As others have already indicated above, there's more than one way to measure speed in general relativity. Any observer, anywhere in the Universe, making a local measurement of light passing right by, using local rulers and local clocks, measures light to travel at c in vacuum. But if you try to measure light some distance away from you, you may well get a different answer. So if you are hovering outside a black hole, you can calculate the speed of light inside the event horizon to be greater than c, but if you fell into the hole and made a local measurement you would get c.

It's a bit like the problem cartographers have mapping the world on a flat piece of paper. Small areas (say, less than 50 miles / 100 km across) can be mapped pretty accurately. But if you try to draw a map representing thousands of miles, although part of the map may be accurate, another part will inevitably be on the wrong scale or have the wrong angles.

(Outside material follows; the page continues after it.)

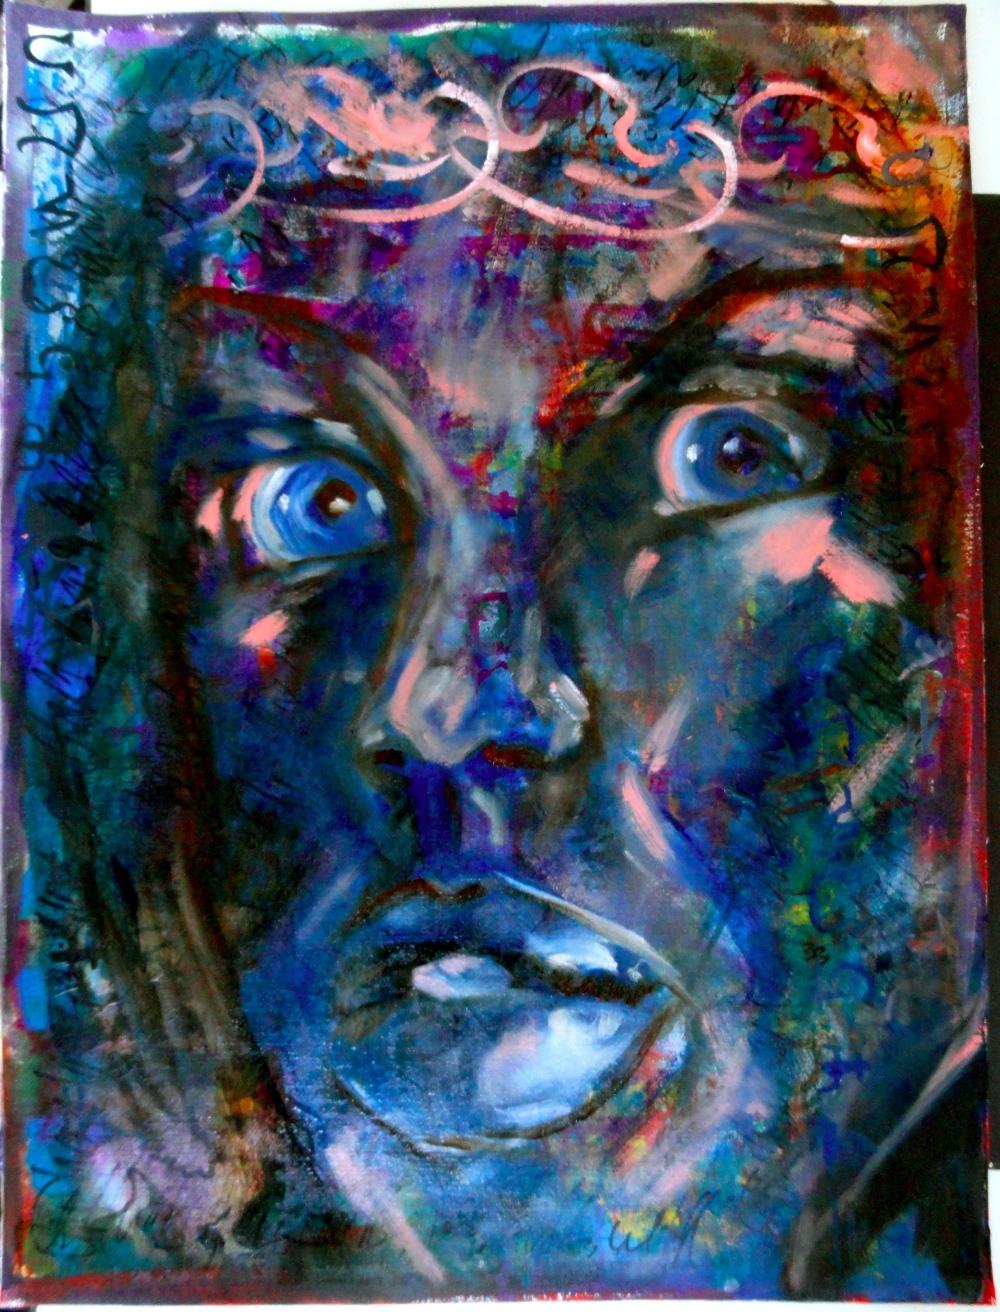 Cynisca. Cheryl Penn. The Bhubezi Mythology. The Women Who Hold Up the World

Hawking hasn't lost the plot.

As others have already indicated above, there's more than one way to measure speed in general relativity. Any observer, anywhere in the Universe, making a local measurement of light passing right by, using local rulers and local clocks, measures light to travel at c in vacuum. But if you try to measure light some distance away from you, you may well get a different answer. So if you are hovering outside a black hole, you can calculate the speed of light inside the event horizon to be greater than c, but if you fell into the hole and made a local measurement you would get c.

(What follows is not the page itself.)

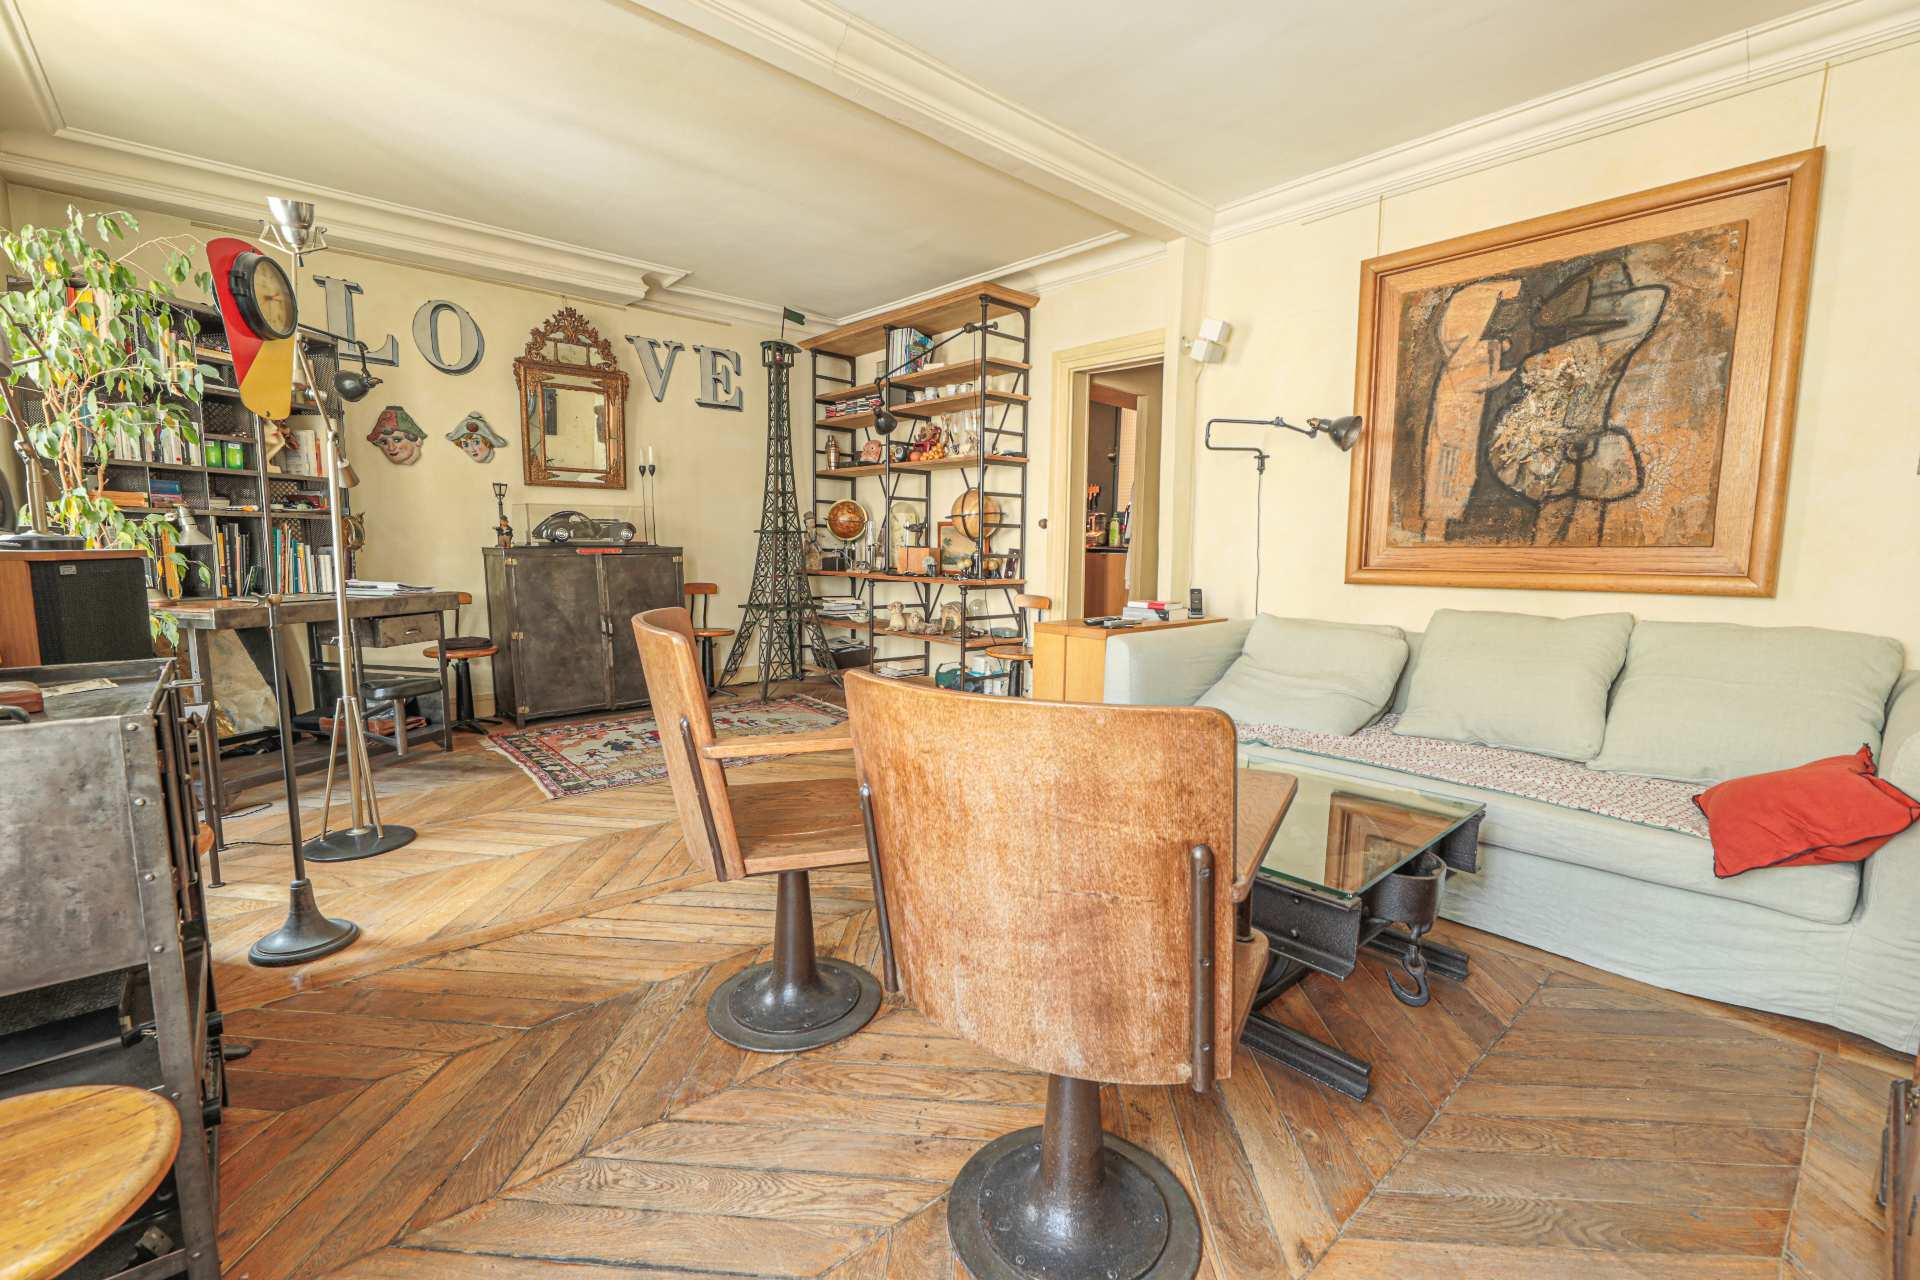 Two rooms in Montmartre (Rue Ravignan) duplex 1

It's a bit like the problem cartographers have mapping the world on a flat piece of paper. Small areas (say, less than 50 miles / 100 km across) can be mapped pretty accurately. But if you try to draw a map representing thousands of miles, although part of the map may be accurate, another part will inevitably be on the wrong scale or have the wrong angles.

Hawking hasn't lost the plot.

Yes I'm aware of the Schwarzschild metric and the positional aspects not being quite the same as SR, what I'm referring to is c being inviolate in SR, nothing with mass can exceed .999...>c nothing massless can travel at less than c or propogate at less than c and presumably if such things exist nothing that travels faster than light can reach c, nor exceed it. That's what I was getting at.

Obviously it might seem as if light travelled faster than c if we put a massive gravitational field in front of a beam of light, that is gravitational lensing but if we look at distance and even adjusting for the bend in co-ordinates, or time dilation, nothing exceeds c at any point in the journey of the photon.

Well hawking does come out with some weird stuff lately.